Здесь Белдо поджидала некая уклончивая личность в светлом плаще. Она что-то быстро лепетала и хватала собеседника за рукав. Вначале Полина подумала, что это девушка, потом – что парень. Потом, минуты две спустя, снова подумала, что девушка, и снова начала сомневаться.
«Один из псиосных», – мгновенно определил Долбушин.
Что-то бормоча, личность открыла висячий замок и спустилась по ступеням. Ржавая дверь – и они оказались в тесной комнатке. Пахло сырым картоном и крысами.
– Вы ничего не перепутали, Белдо? Какого эльба вы притащили меня в эту дворницкую? – брезгливо спросил Долбушин.
– Сейчас поймете, – пообещал старичок.
Псиосная личность открыла еще одну дверь и пропустила вперед Полину, следом за которой, тесня друг друга, влетели обе вороны Белдо. Они прошли в маленькую, плохо освещенную комнату, где имелись только круглый стол, ширма и кровать, заваленная разноцветными подушками разного размера. Под ногами у Долбушина громко треснул, точно выстрелил, карандаш. На полу повсюду валялась скомканная бумага. На стене висела фотография молодой, редкостно красивой женщины.
Внезапно одна из подушек – самая большая и цветастая – шевельнулась. Полина поняла, что это не подушка, а одетая в пестрый халат жирная карлица с огромной головой и шишковатым лбом. На лице у карлицы была черная лента с двумя крупными драгоценными камнями, вставленными против каждого глаза. В руке она держала толстый блокнот и карандаш. Яростно чертила что-то, отрывала листы, комкала и швыряла на пол.
– Это Круня! Известная ясновидящая, – уважительно шепнул Белдо. – Последние дни она рисует лица. Десять лиц. Заканчивает и снова начинает по кругу.

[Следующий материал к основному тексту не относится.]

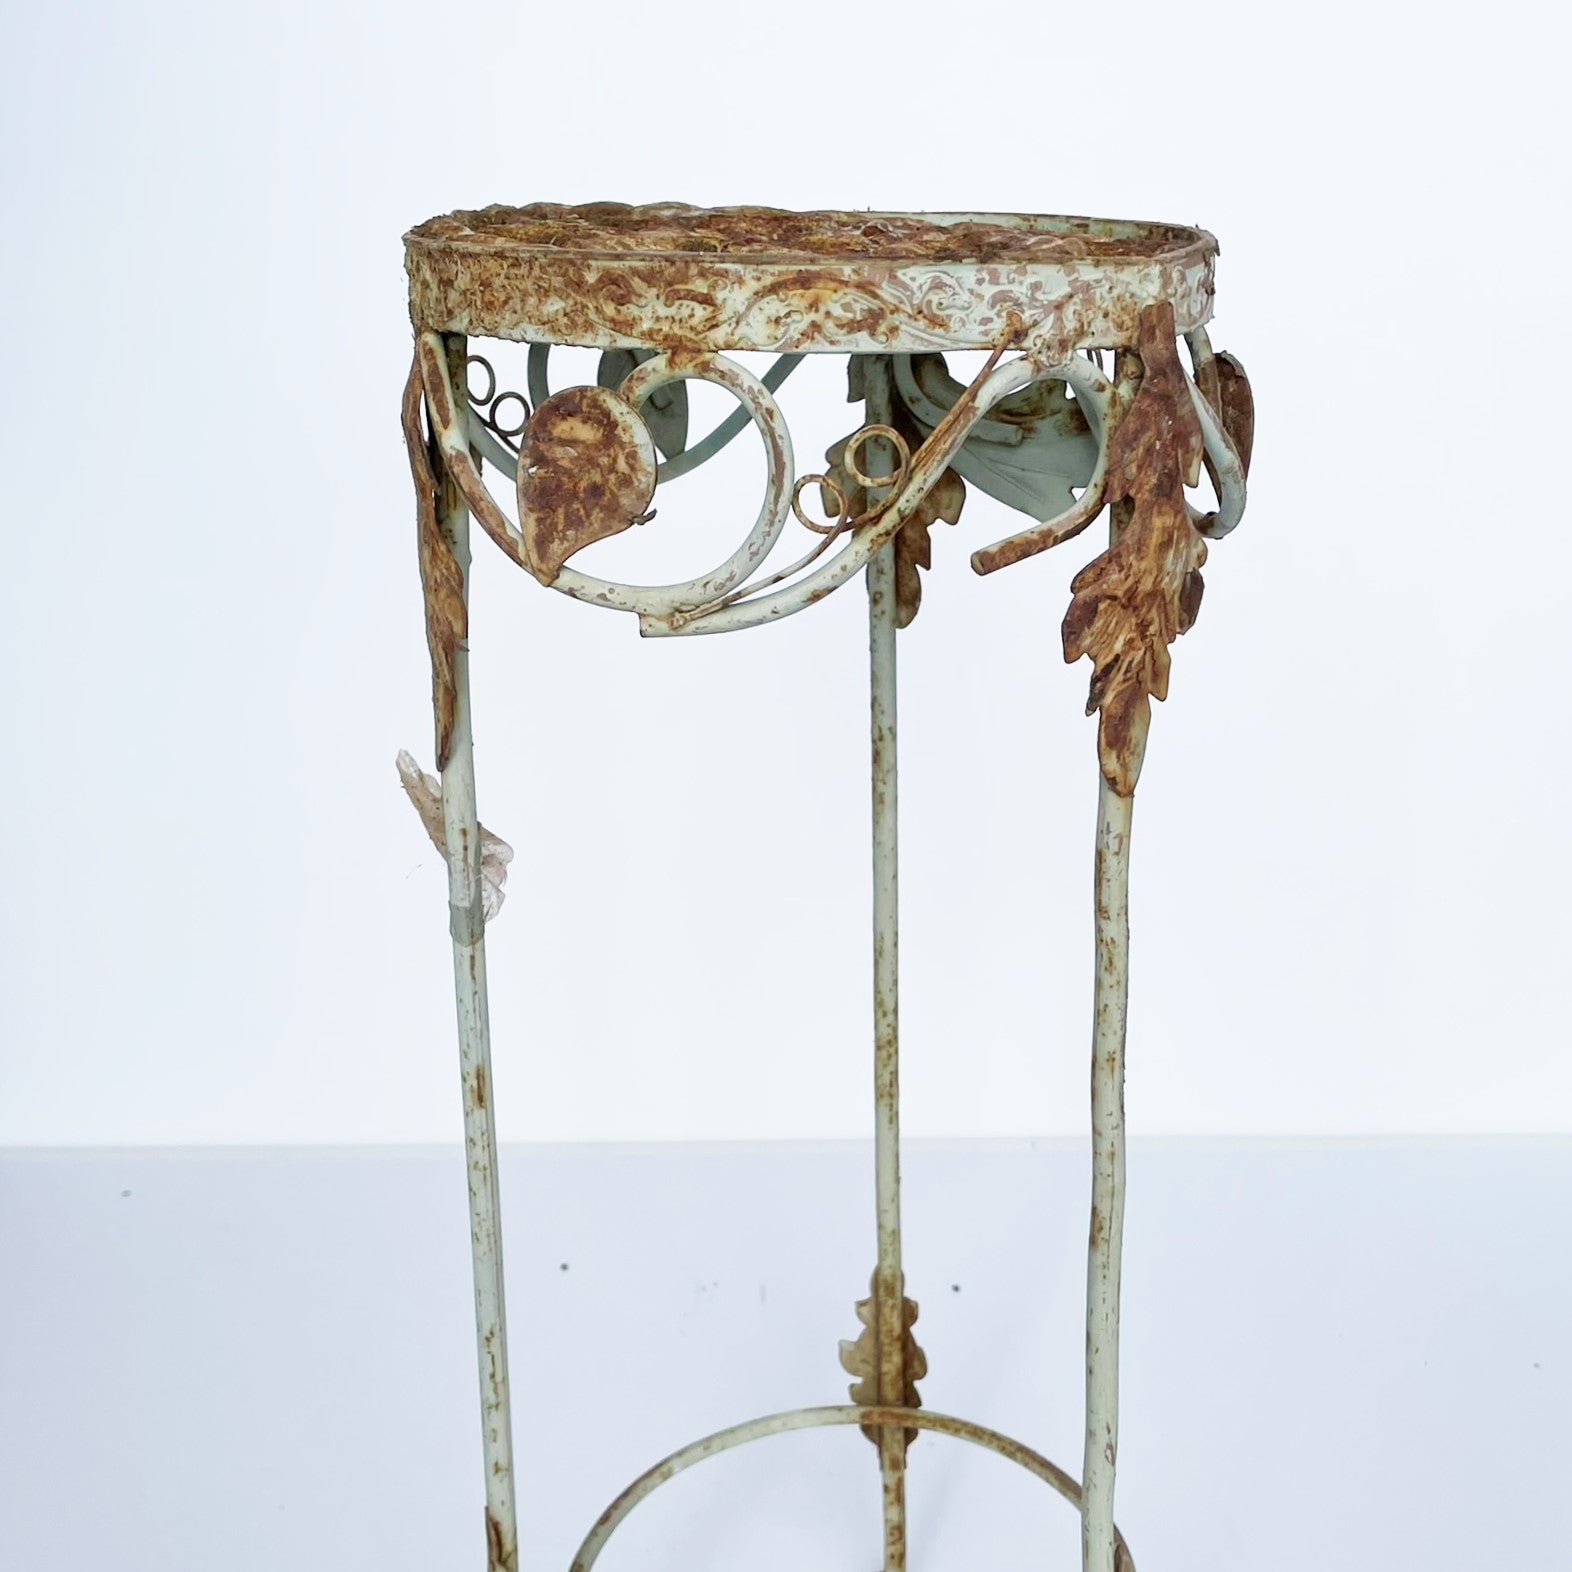 Weathered Ornate Metal Plant Stand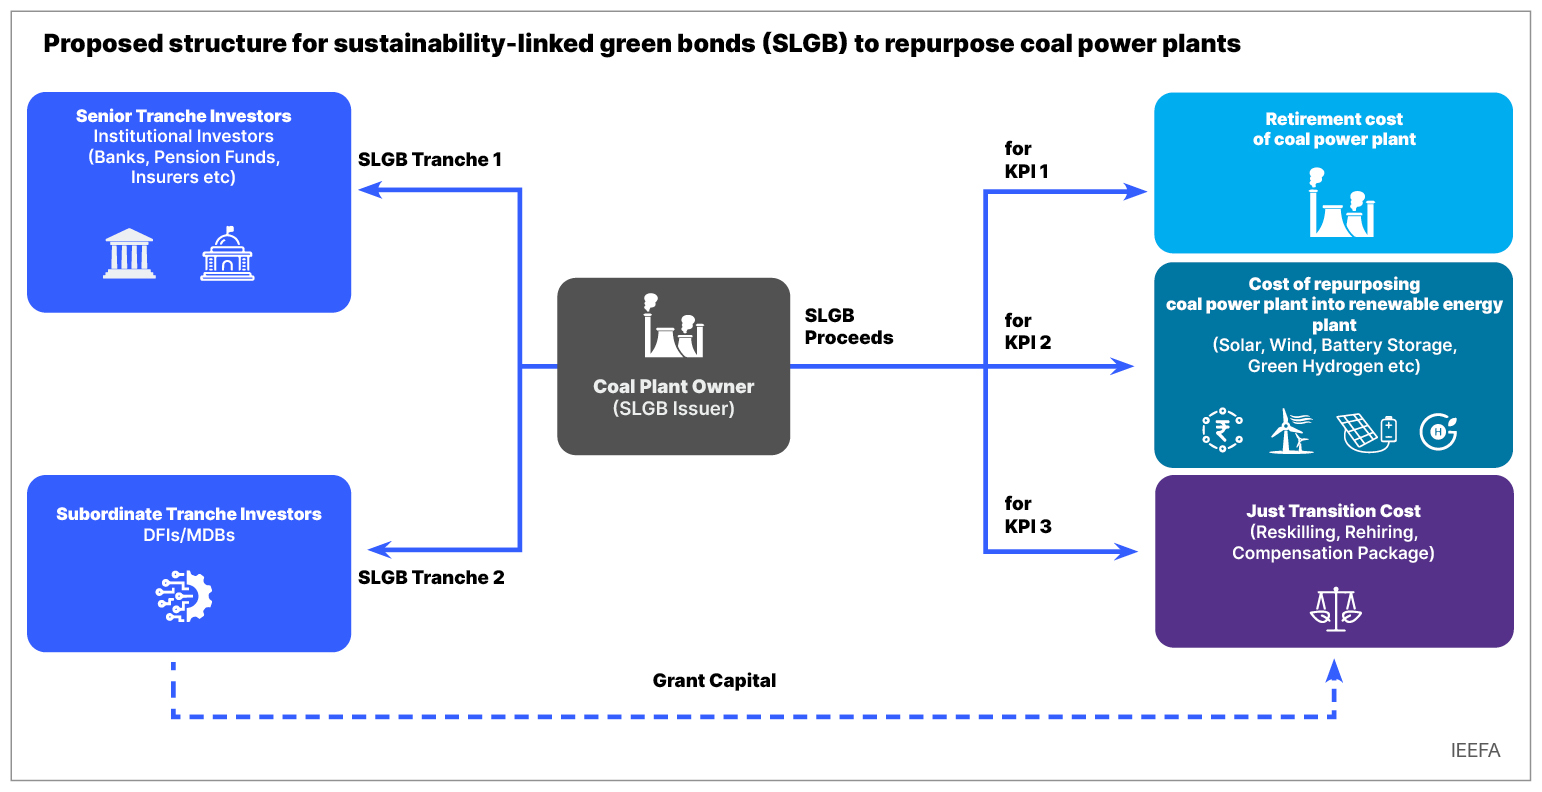 Proposed structure for sustainability linked green bonds to reporpose coal power plants

Он наклонился, поднял с пола лист бумаги и протянул Долбушину. Тот мельком взглянул, увидел горбоносого парня лет шестнадцати и, пожав плечами, вернул листок Белдо.
– Кто это еще?
– Мы не можем точно сказать. Один из десяти… – ответил старичок.
– Кого-нибудь можно узнать?
– Рисунки очень схематичны. Где-то даже утрированы. Такое чувство, что Круня их не очень… э-э… любит, – сказал Белдо уклончиво.
– Вы не ответили на вопрос, – перебил глава второго форта. – Узнать кого-нибудь можно?
– Одну девушку можно. – И старичок поднял указательный палец, точно самый удачливый в мире финансист мог забыть, сколько это – «один».
Долбушин вопросительно посмотрел на Полину.
– Она?
Старичок полузакрыл глазки, не соглашаясь, но и не опровергая.
– Покажите рисунок, Дионисий! – нетерпеливо потребовал Долбушин.
Белдо с величайшей готовностью стал разрывать покрывавший пол бумажный ковер.
– Где же? – бормотал он. – Никогда в жизни не жаловался на рассеянность, но в последнее время…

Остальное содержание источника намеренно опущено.